§ **Recorded data**
________________________
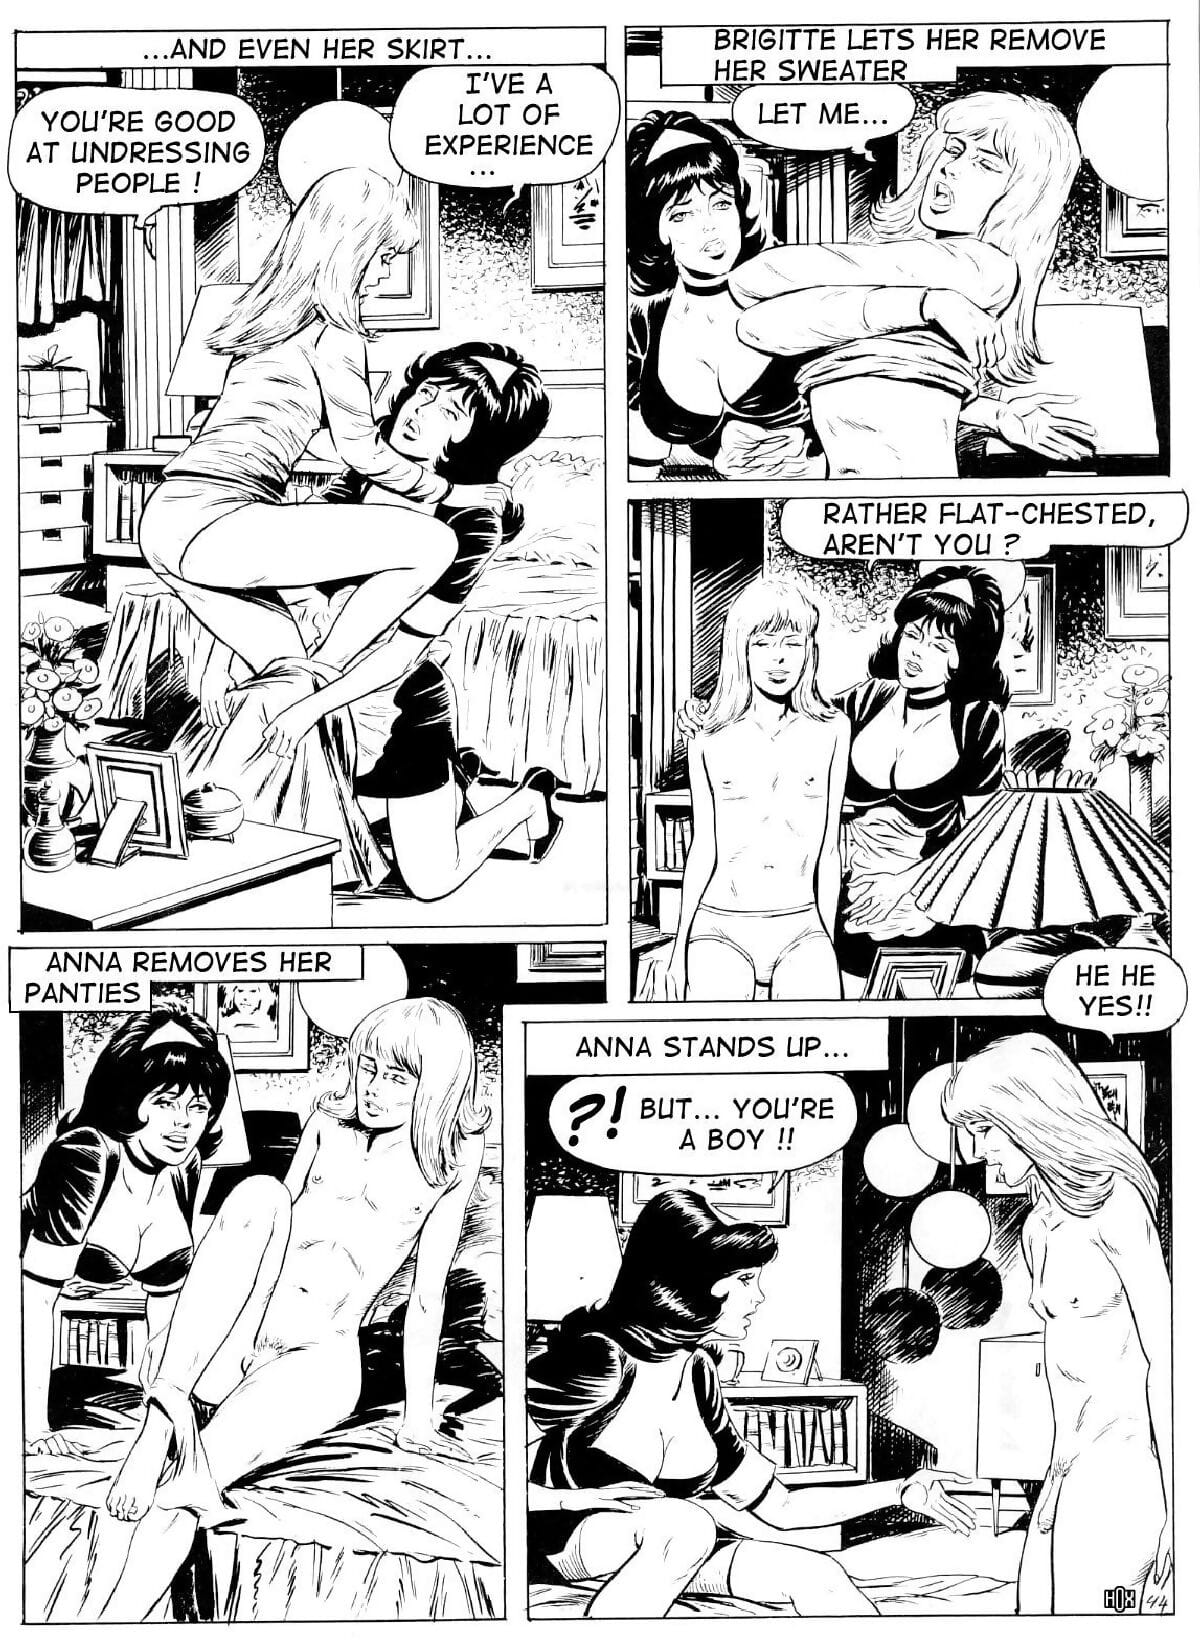 Brigitte De Luxe Maid #2 - part 2 page 1
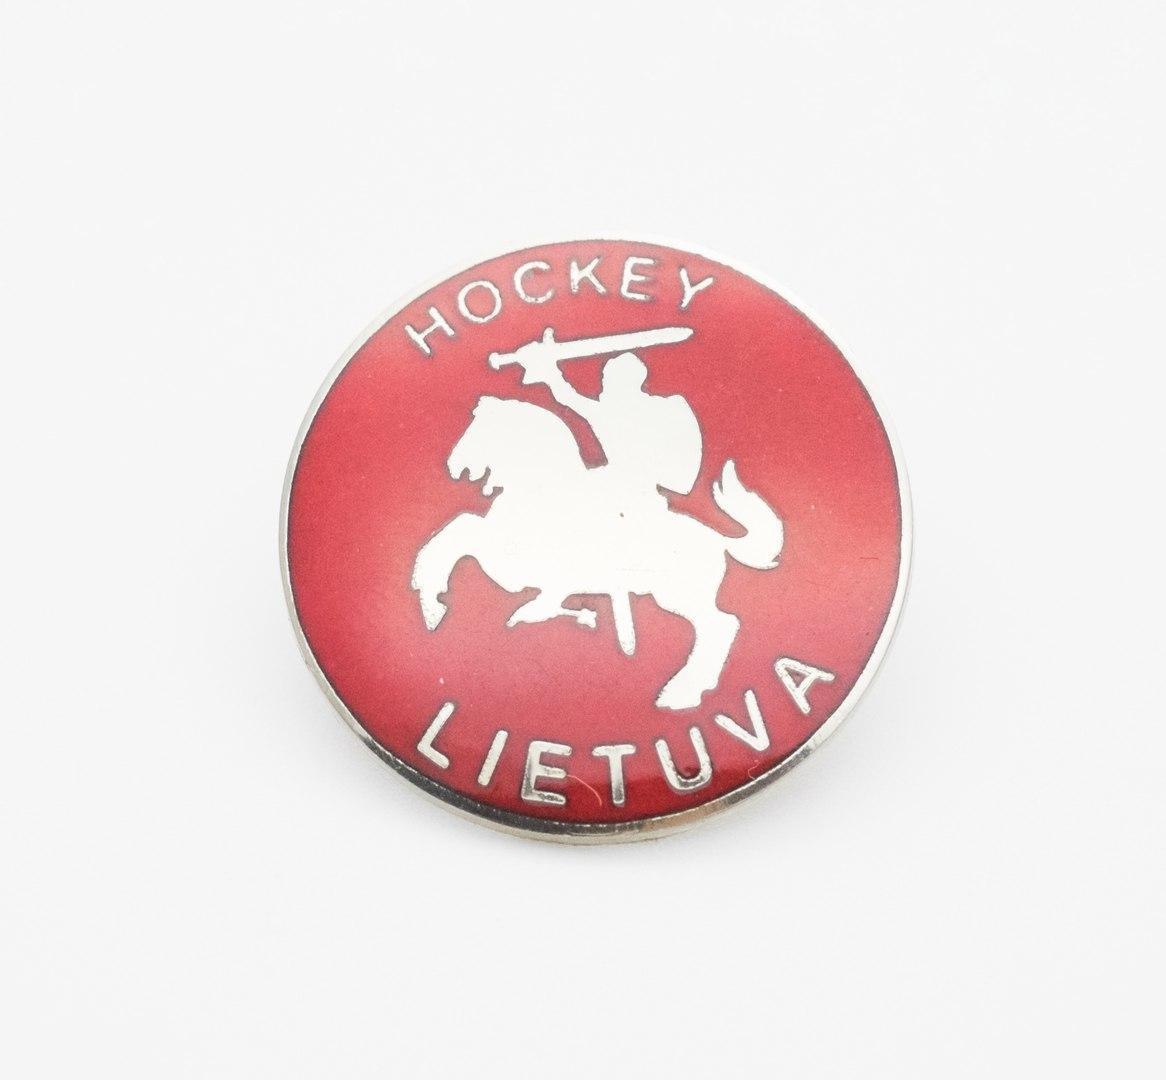 Официальный значок федерация хоккея Литвы (выпуска 2016 года)
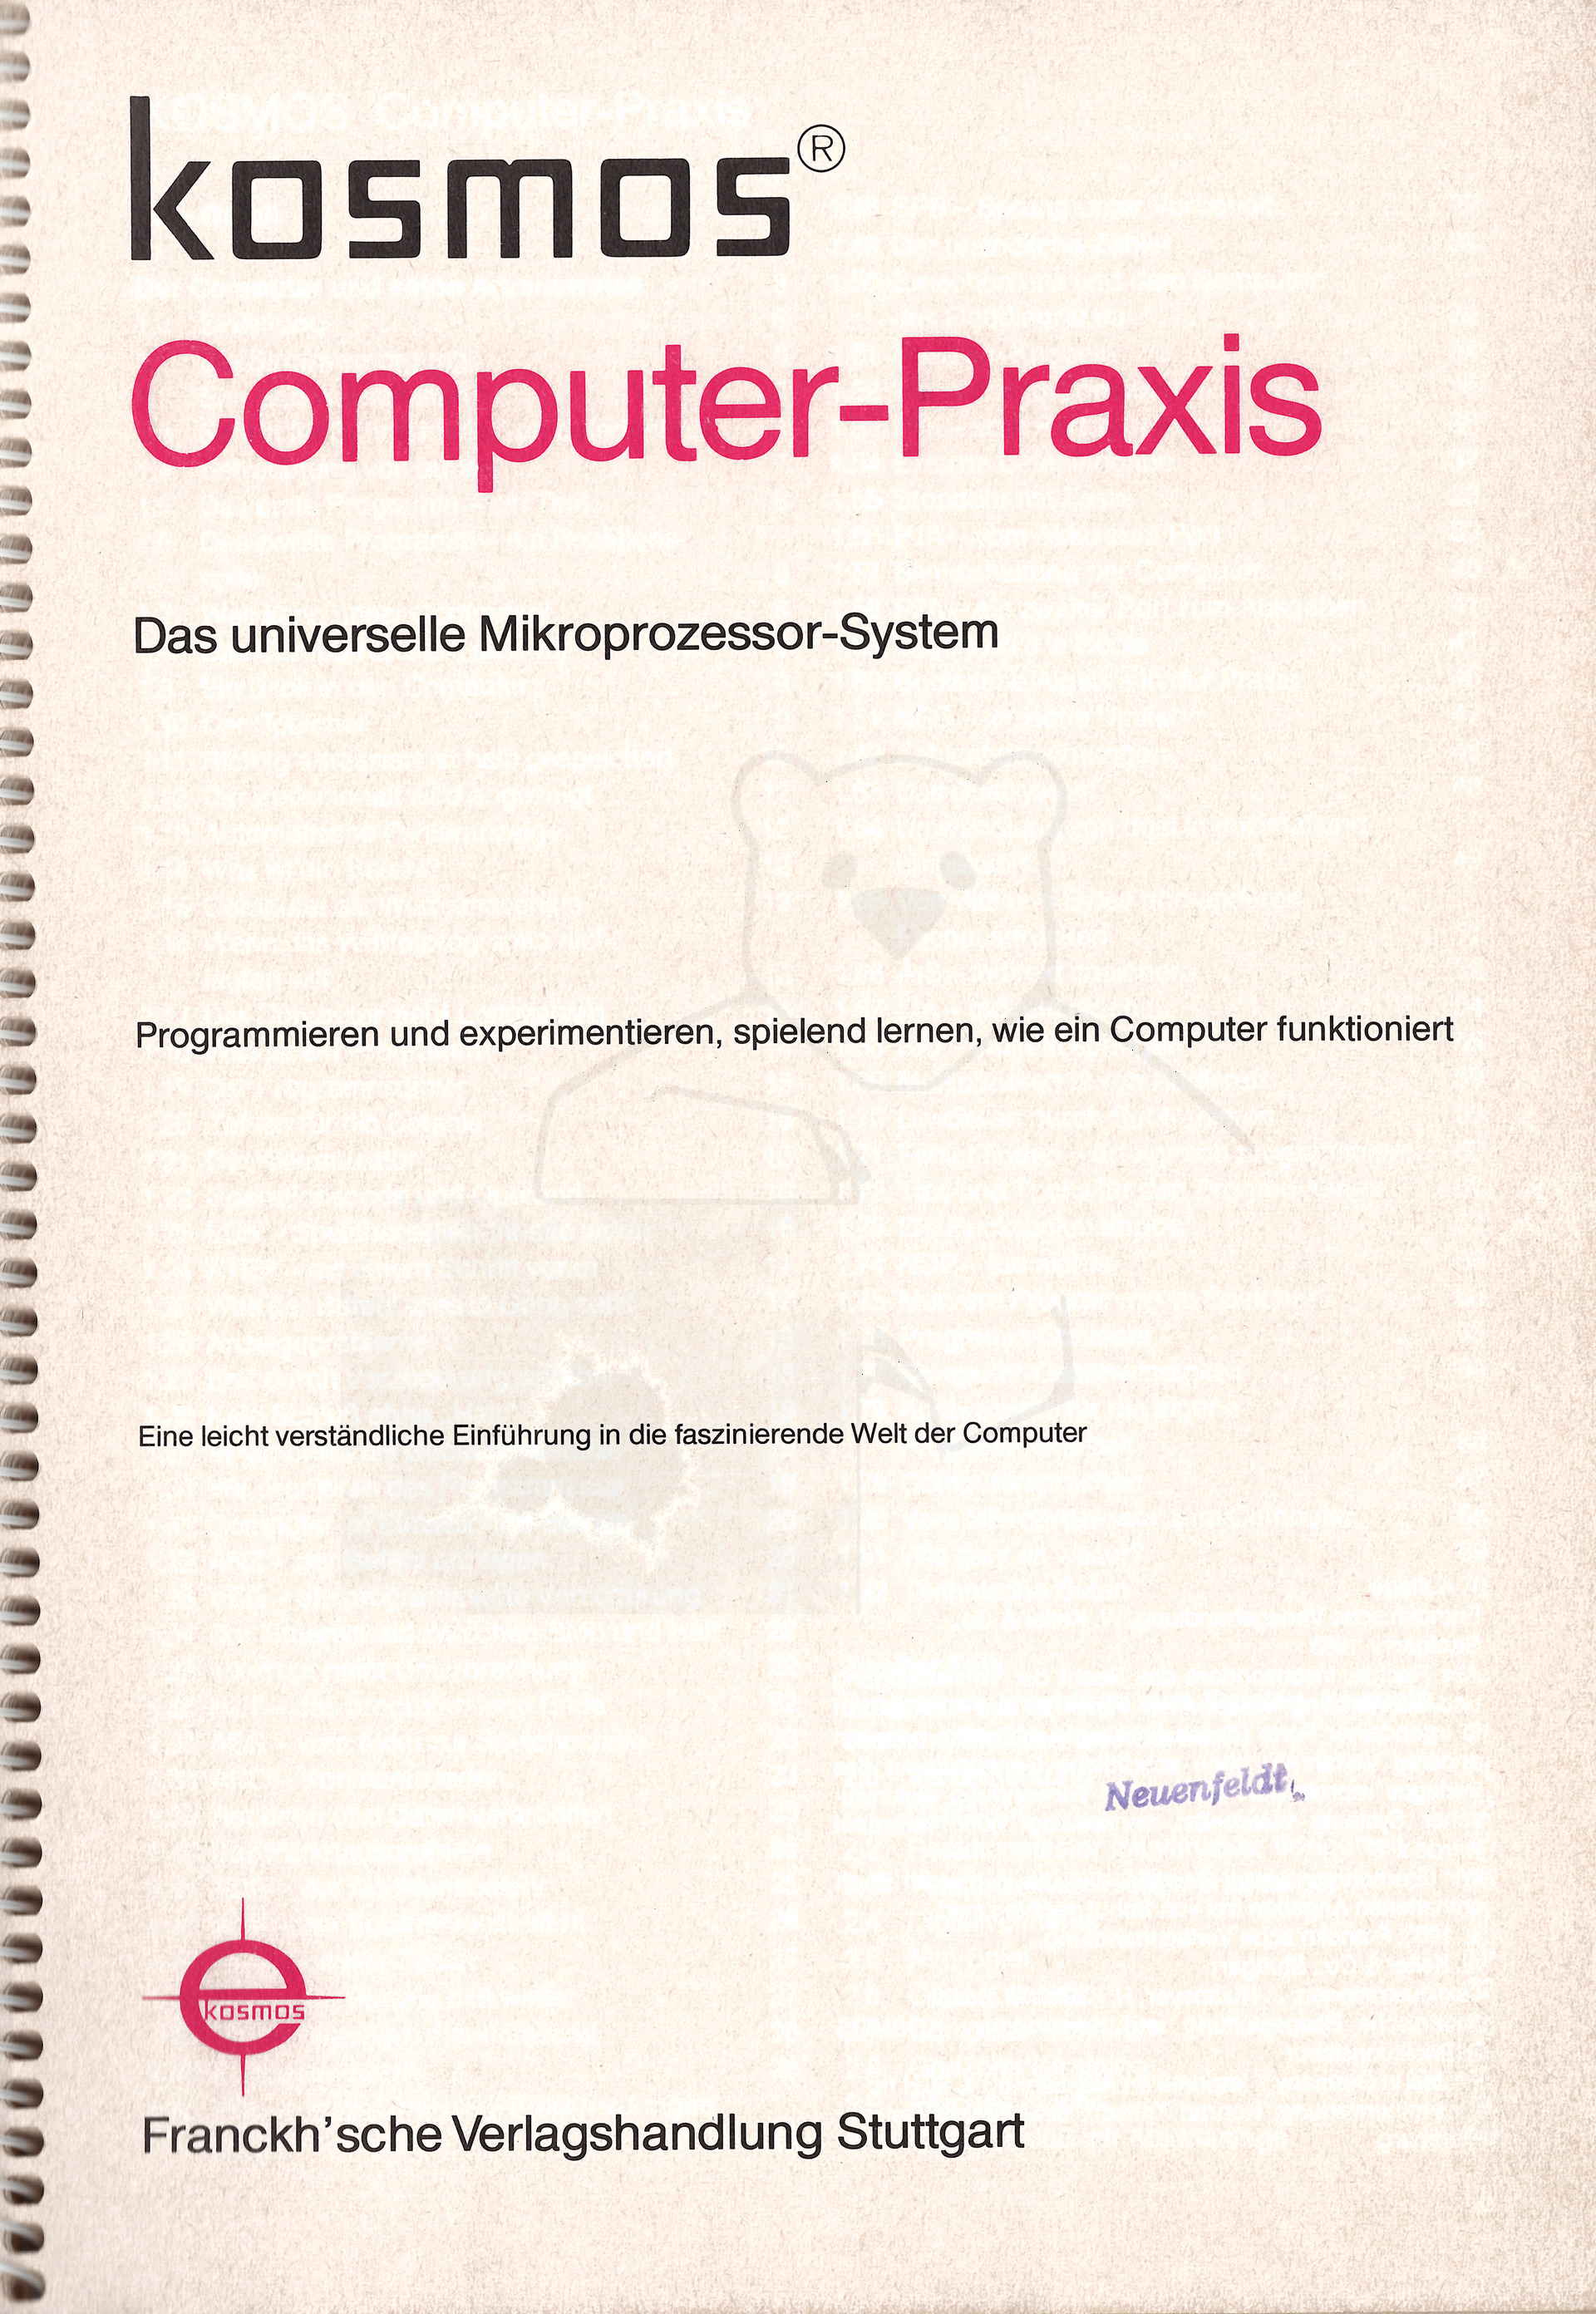 Kosmos Computer Praxis Handbuch Seite 2
________________________
§ **Task details**
Return all the data exactly, and keep the pictures out.

§ **Answer space**
 Brigitte De Luxe Maid #2 - part 2 page 1
 Официальный значок федерация хоккея Литвы (выпуска 2016 года)
 Kosmos Computer Praxis Handbuch Seite 2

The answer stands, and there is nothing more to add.